There might be an easier and more elegant solution, but this should work.

First observe that: $$ a_{n+1}+a_{n}=a_{n+2}^3+a_{n+2}\geq2\sqrt{a_{n+2}^4}=2a_{n+2}^2\geq4a_{n+2}-2 $$ Here I used the AM-GM inequality and the simply fact that $(a_{n+2}-1)^2\geq0$. Hence, $a_n\leq b_n$ with $$ b_{n+2}=\frac{b_{n+1}+b_{n}+2}{4}\\ b_{0,1}=a_{0,1} $$

Now, the recurrence equation for this reads: $$ b_{n}=1 + (\tfrac{1 - \sqrt{17}}{8})^n C_1 + (\tfrac{1 + \sqrt{17}}{8})^n C_2 $$ Since $|\tfrac{1 \pm \sqrt{17}}{8}|<1$ we can deduct that $b_n\to1$ for $n\to\infty$. So together with $1\leq a_n\leq b_n$ we can conclude that $a_n\to1$.

  • $\begingroup$ Very interesting ! I am indebted to your first inequality for the finalization of my solution. A little remark : one should first ensure that the initial relationship always defines a unique $a_{n+2}$. $\endgroup$
    – Jean Marie
    Commented Feb 9, 2019 at 22:46
  • $\begingroup$ Moreover, though I utilized a different auxiliary sequence, I find back your constant $\dfrac{1+\sqrt{17}}{8}$... $\endgroup$
    – Jean Marie
    Commented Feb 10, 2019 at 0:17
  • $\begingroup$ Clever!
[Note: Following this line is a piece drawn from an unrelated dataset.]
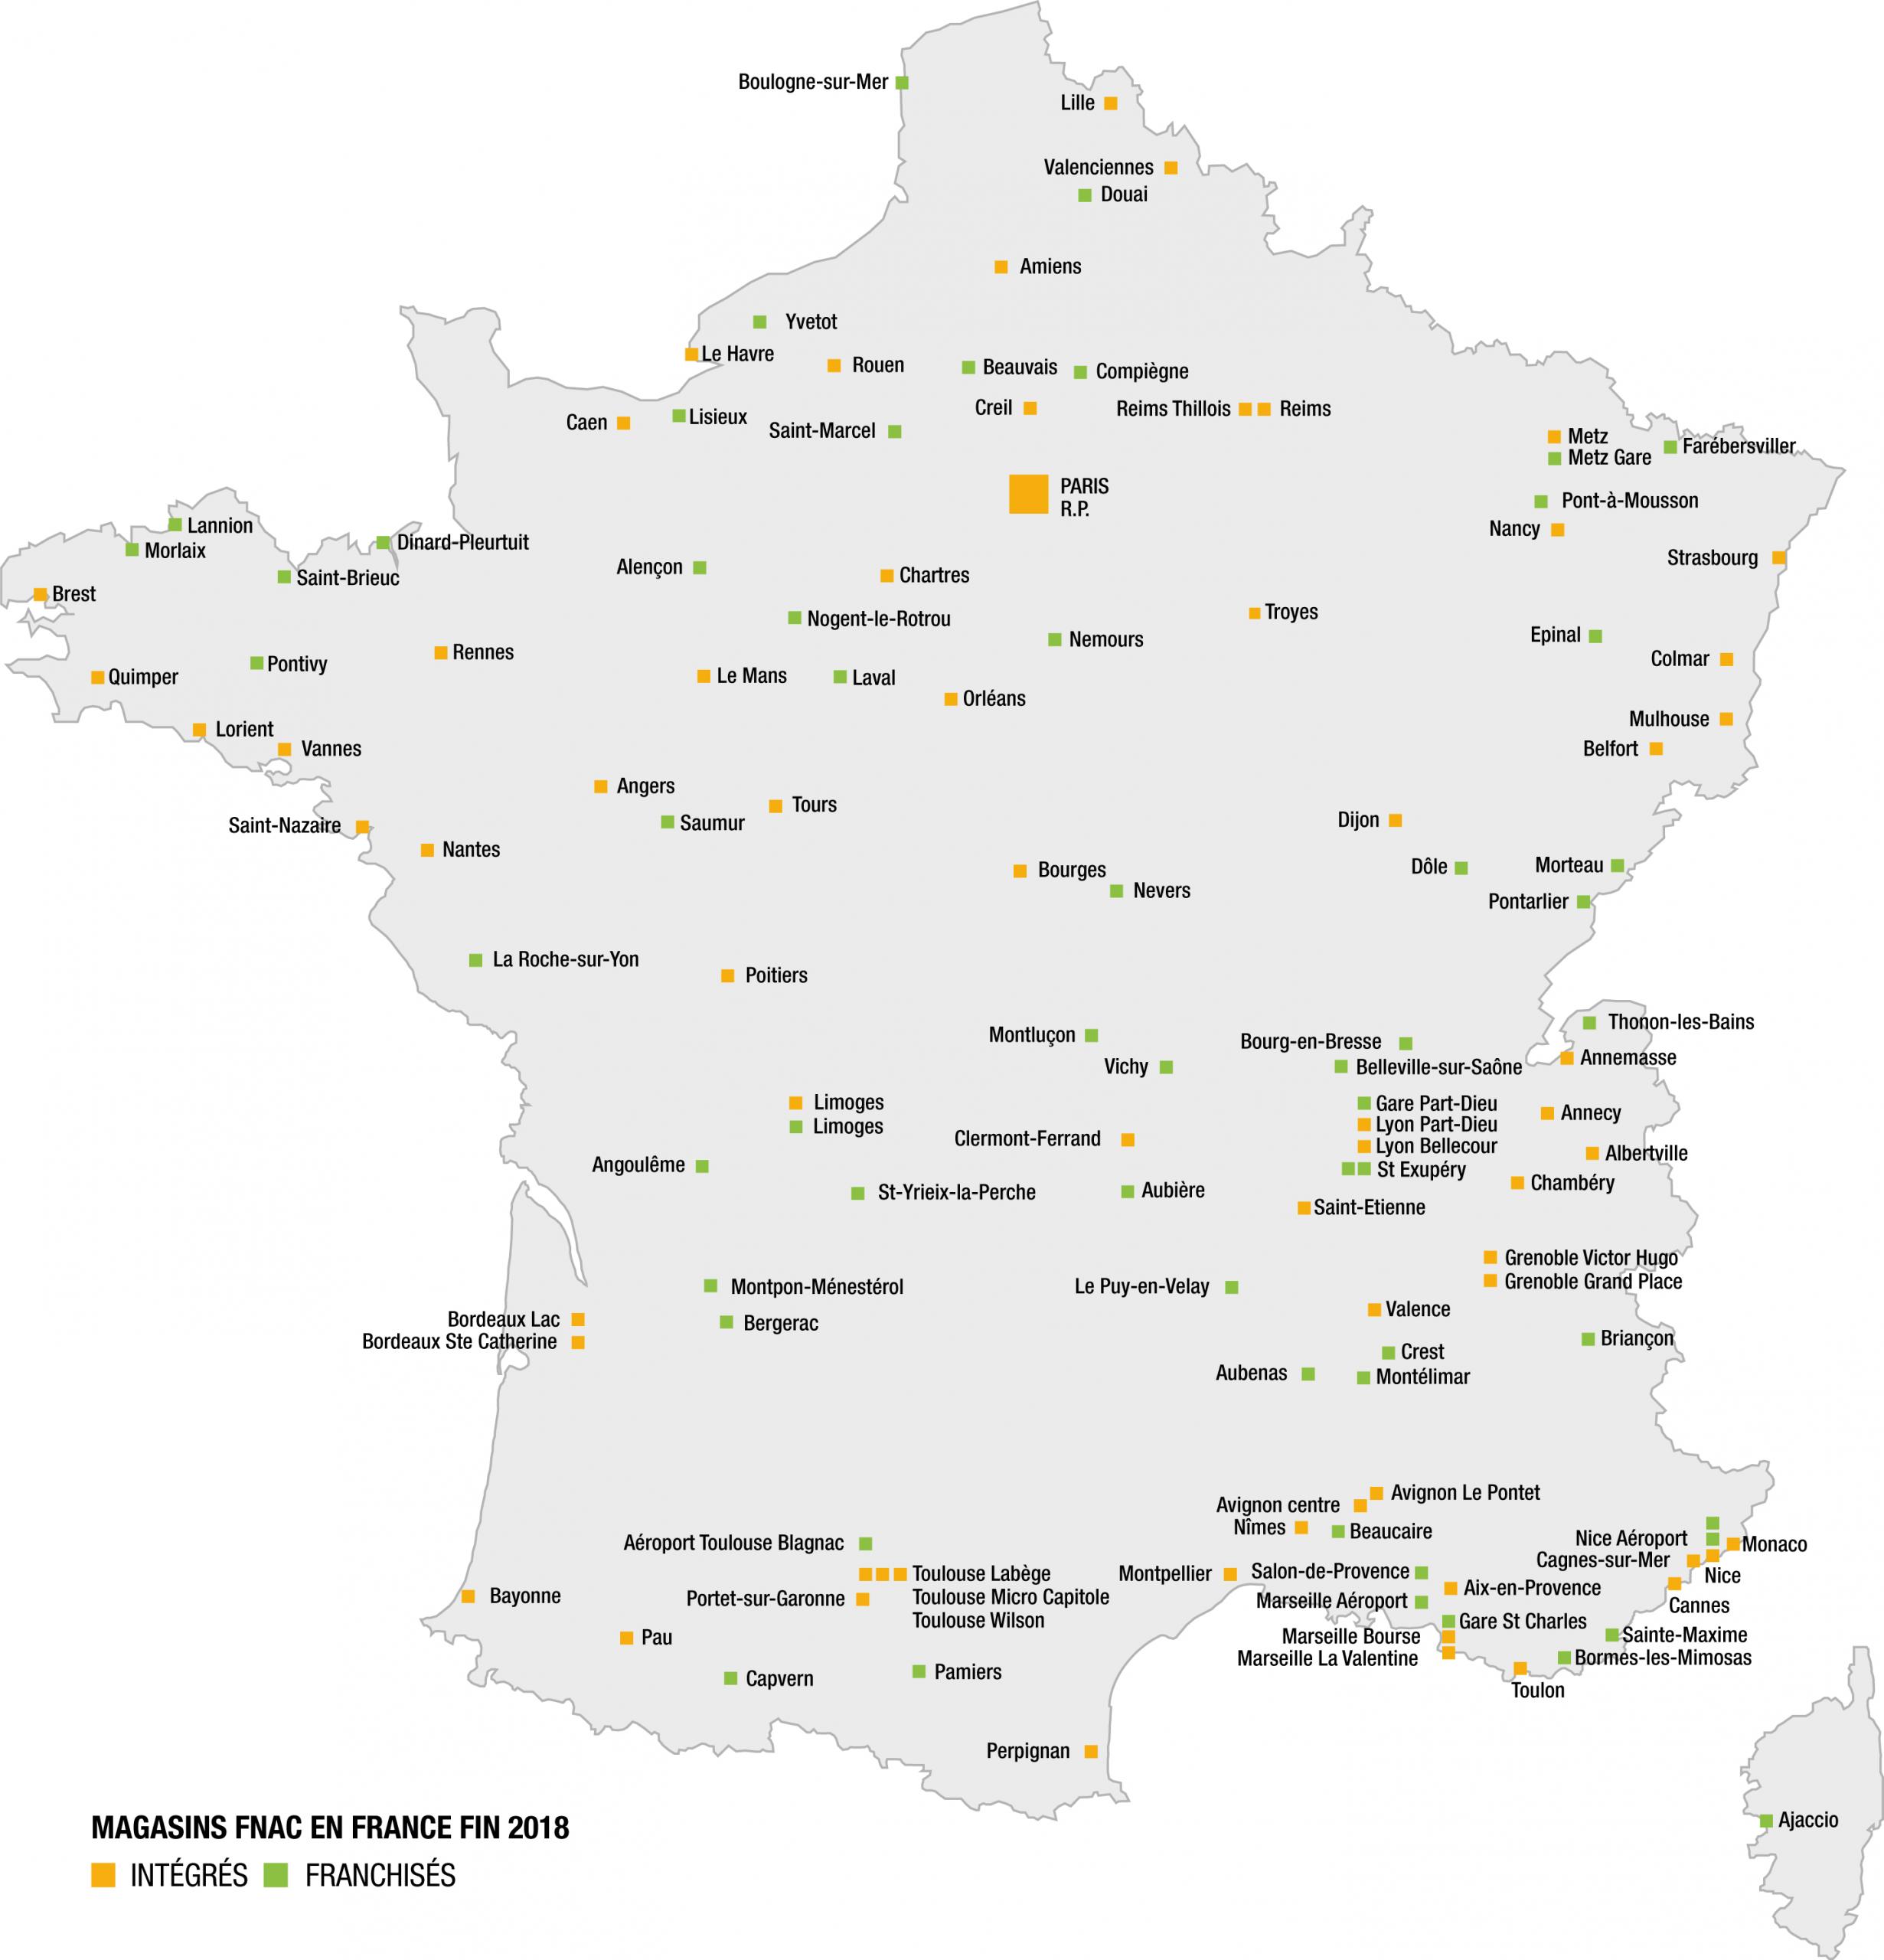 Fnac Darty Dans Le Monde - Fnac Darty destiné Carte De France Dom Tom

I was puzzled by the choice of the lower bound at first, then I realized that it comes from the tangent line of $f(x) = x^3 + x$ at $x = 1$, which should lie below $f$ on $[1, \infty)$ due to the convexity of $f$. $\endgroup$ Commented Feb 10, 2019 at 9:34
  • $\begingroup$ I've posted a variant that might be slightly easier. $\endgroup$ Commented Feb 10, 2019 at 14:02
  • $\begingroup$ is it sufficient that $a_n < b_n$ implies $a_n$ is convergent? $\endgroup$
    – player100
    Commented Feb 10, 2019 at 14:11

This is the first time I see this type of recusrion relation where the next term in the sequence is not given directly but instead a function of it is given. This makes the problem particularly interesting (for me, at least).

Hence an uncommon approach seems to be justified. I am going to relate convergence to the stability of simple (constant) solutions.

1. Layout of the solution

Let us start with the observation that there are three constant solutions of the recursion


These are given by the roots of the equation

$$z^3+z = z + z\tag{2}$$

that is

$$s_1 = \{a_n = - 1\}$$ $$s_2 = \{a_n = 0\}\tag{3}$$ $$s_3=\{a_n = + 1\}$$

We show below that $s_1$ and $s_3$ are stable solutions, and $s_2$ is unstable.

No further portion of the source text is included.